Modern scrapbooks are shaped through the scrapbooker’s perspective. Being able to choose which events they want their life to be defined as and which ones to leave out, the intentional incompleteness that modern scrapbooking emphasizes aligns scrapbooks with other autobiographical forms.
Marielen Wadley Christensen, of Elk Ridge, Utah, United States is credited with turning scrapbooking from what was once just the ages-old hobby into the actual industry containing businesses devoted specifically to the manufacturing and sale of scrapbooking supplies. She began designing creative pages for her family's photo memories, inserting the completed pages into sheet protectors collected in 3-ring binders. By 1980, she had assembled over fifty volumes and was invited to display them at the World Conference on Records in Salt Lake City. In 1981 Marielen and her husband Anthony Jay authored and published a how-to booklet, Keeping Memories Alive, and opened a scrapbook store in Spanish Fork that ended up with the same name, that remains open today.
Following the lead of Keeping Memories Alive, many other stores have popped up and cater to the scrapbooking community. Besides Keeping Memories Alive, these include companies such as Creative Memories, Making Memories, Stampin' Up!, and Close to My Heart.
According to Google Trends, the search terms related to scrapbook and scrapbooking have seen a 70 percent decline since its peak in 2005–2006. However, there is much debate among the community of people who engage in memory keeping about what the decline means for the health and future of the industry as a whole. However, if one takes a closer look, it is easy to see all the ways people continue memory keeping even if it does not fall strictly within the definition of traditional scrapbooking as defined here.

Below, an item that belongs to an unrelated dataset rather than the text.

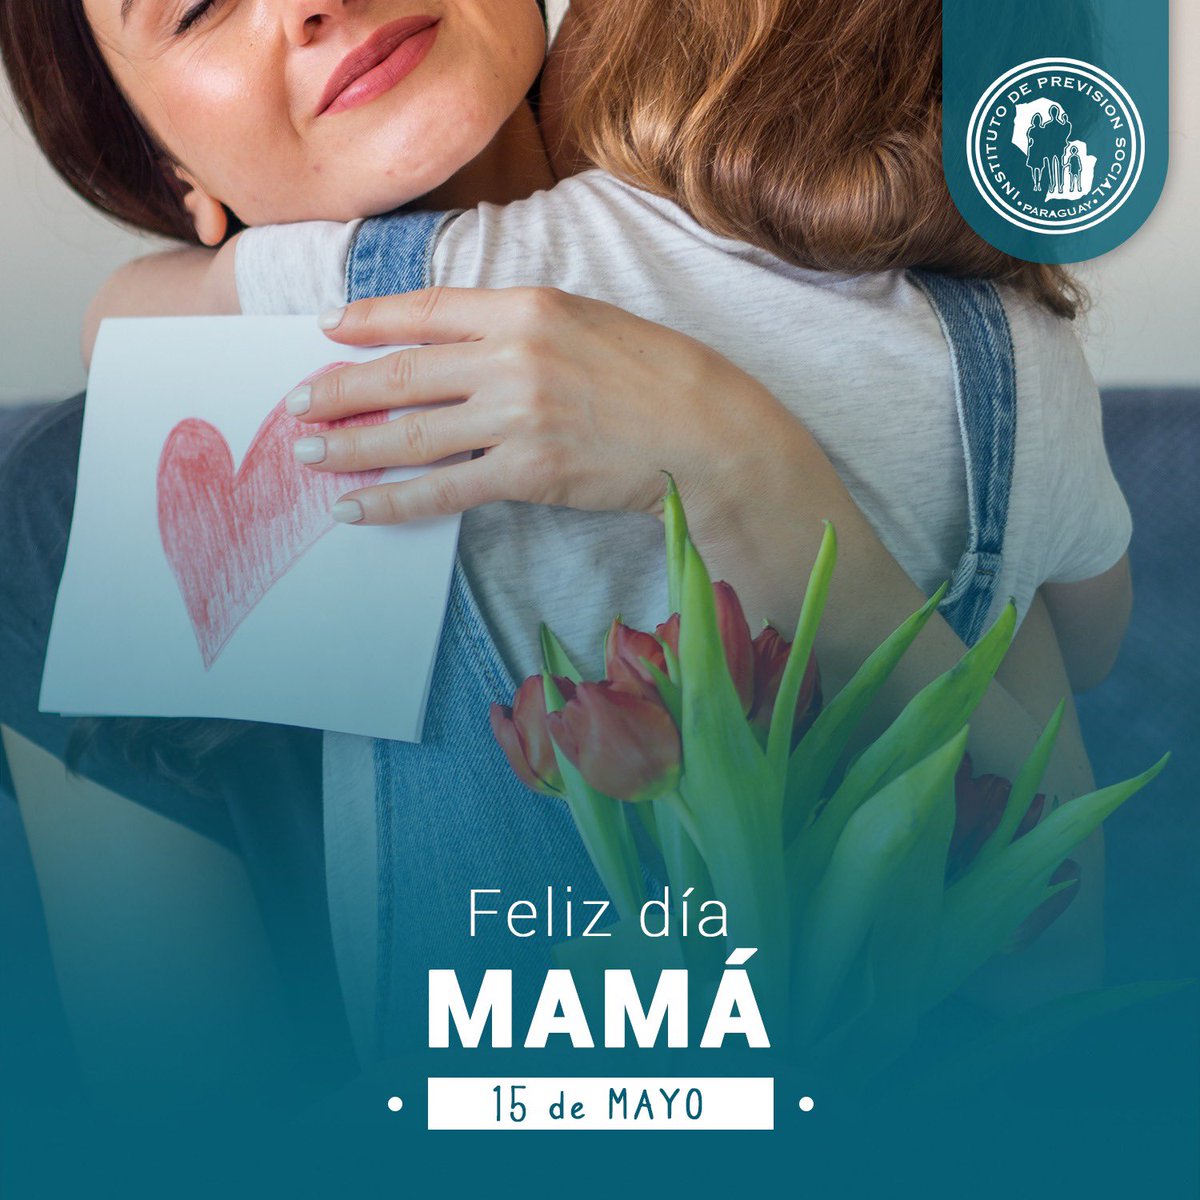 ¡Feliz Día de las Madres! 🌸❤️ Hoy celebramos a las mujeres increíbles que nos llenan de amor y nos guían con su sabiduría. Gracias por todo lo que hacen, por su sacrificio y su amor incondicional. ¡Son nuestras heroínas!

Alternatives to Scrapbooking

Some examples include the advent of Smash books created by EK Success, which in some ways, are a closer representation to original scrapbooks in that they are wire bound books in a variety of sizes consisting of blank printed background papers into which one can journal and glue mementos.
Another variation is the introduction and growth of pocket scrapbooking, most well-known and represented by Project Life created and introduced by Becky Higgins. Higgins created the system in response to her personal desire to continue record the lives of her children and family, but in a quicker, more simple way that allowed her the flexibility to complete the project, but still in an attractive, cohesive way.

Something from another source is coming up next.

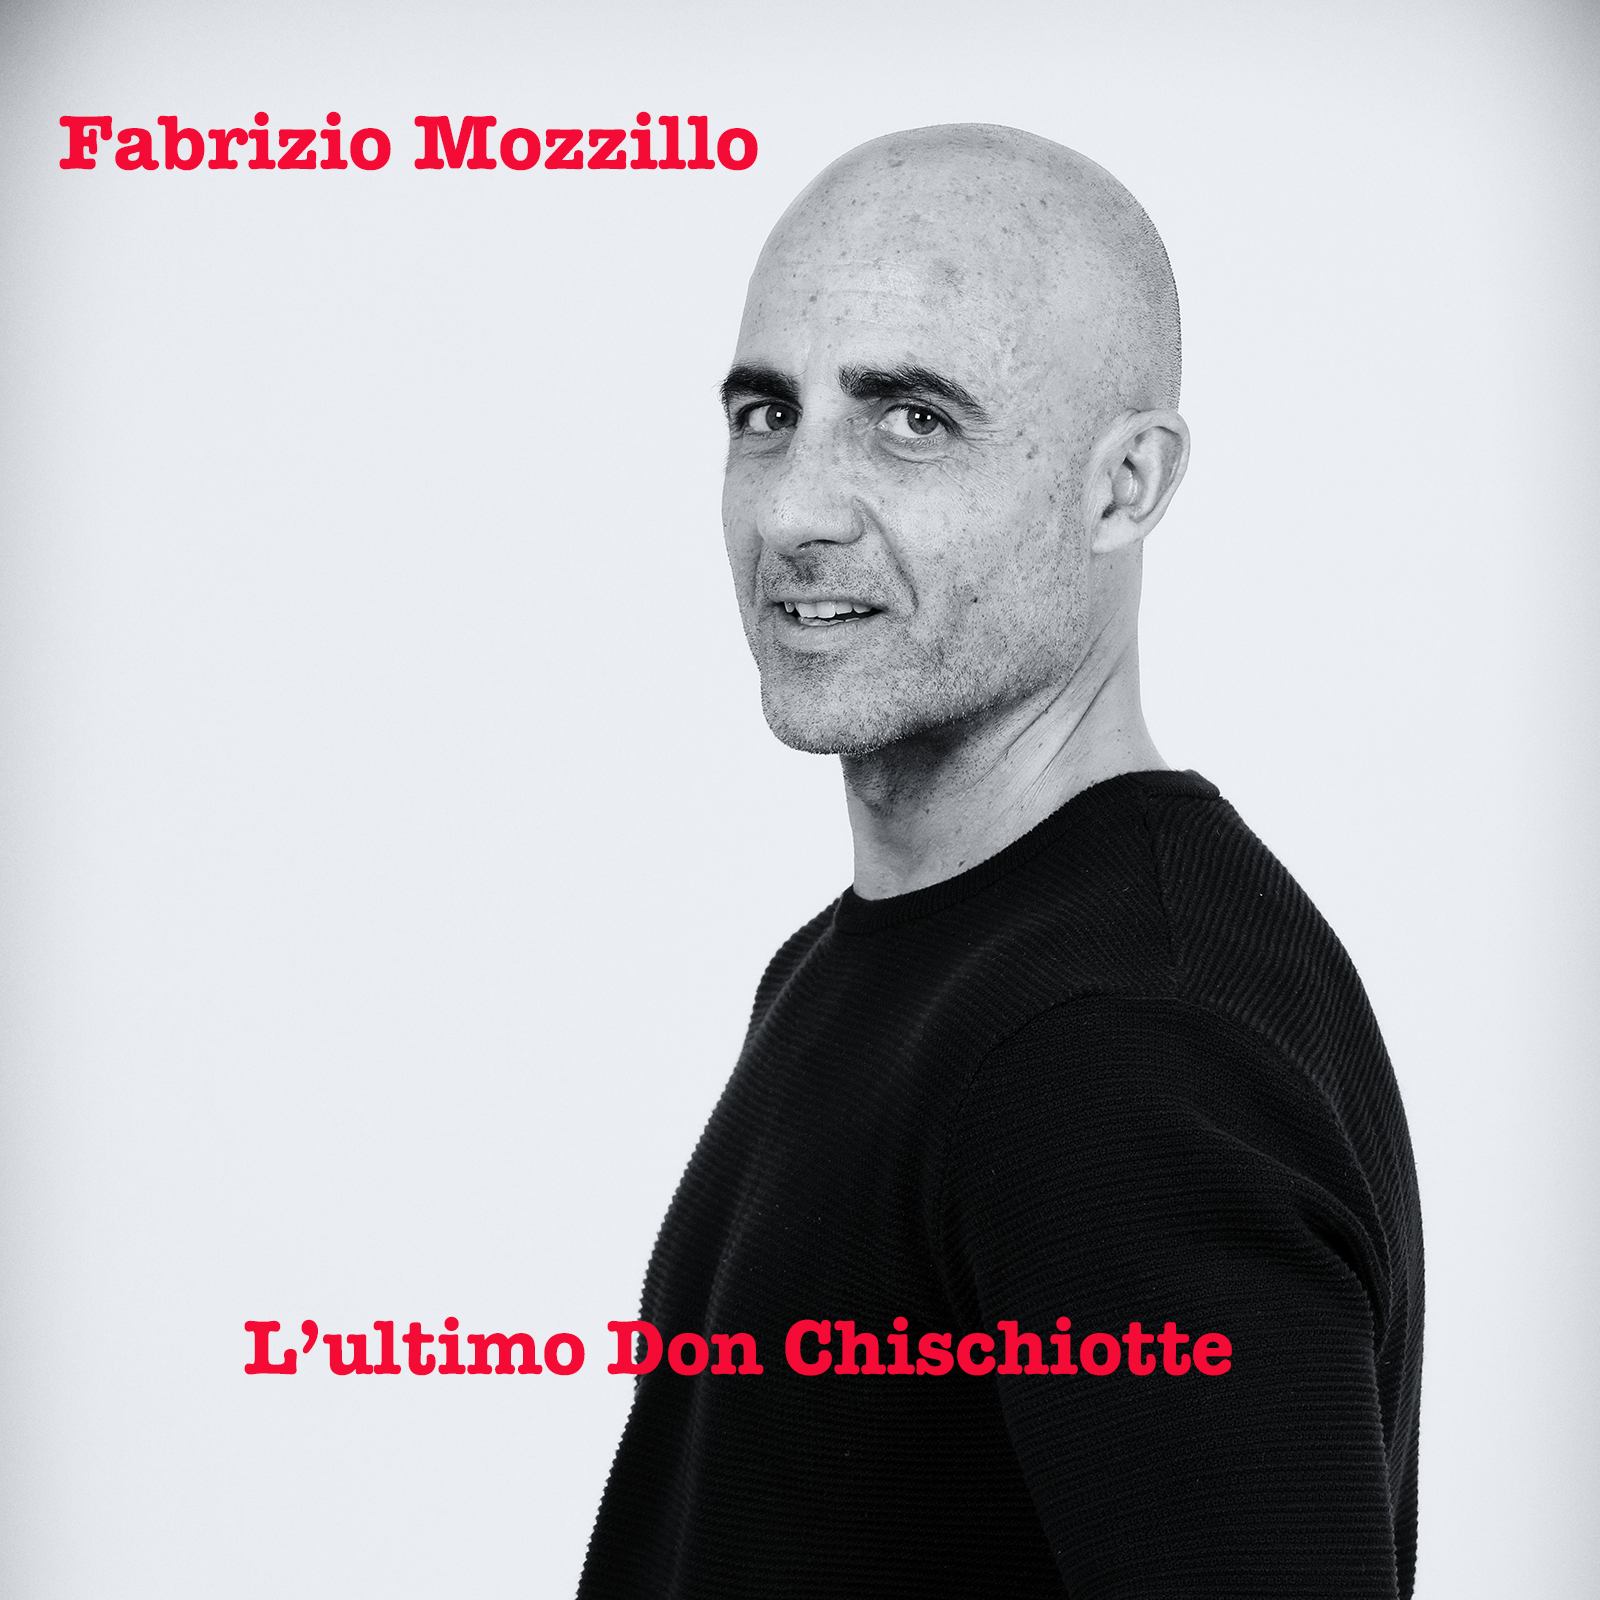 Al momento stai visualizzando “L’ultimo Don Chisciotte”,il secondo singolo di Fabrizio Mozzillo

One of the newest trends into scrapbooking is bringing the layout designs down to a much smaller size. Small enough to carry in a small bag with on the go updates and area for creativity and memory keeping. A traditional traveler's notebook is a simple leather cover with a band to keep closed. The cover can hold up to six inserts which can be used in many ways. The notebook has grown in popularity, allowing for journaling and memory keeping for any interests.
Mini albums are another great way of memory keeping and a new trend in scrapbooking. They can be made in different sizes based on the number of photos to be put inside the album. These mini albums can be constructed and hand made from scratch.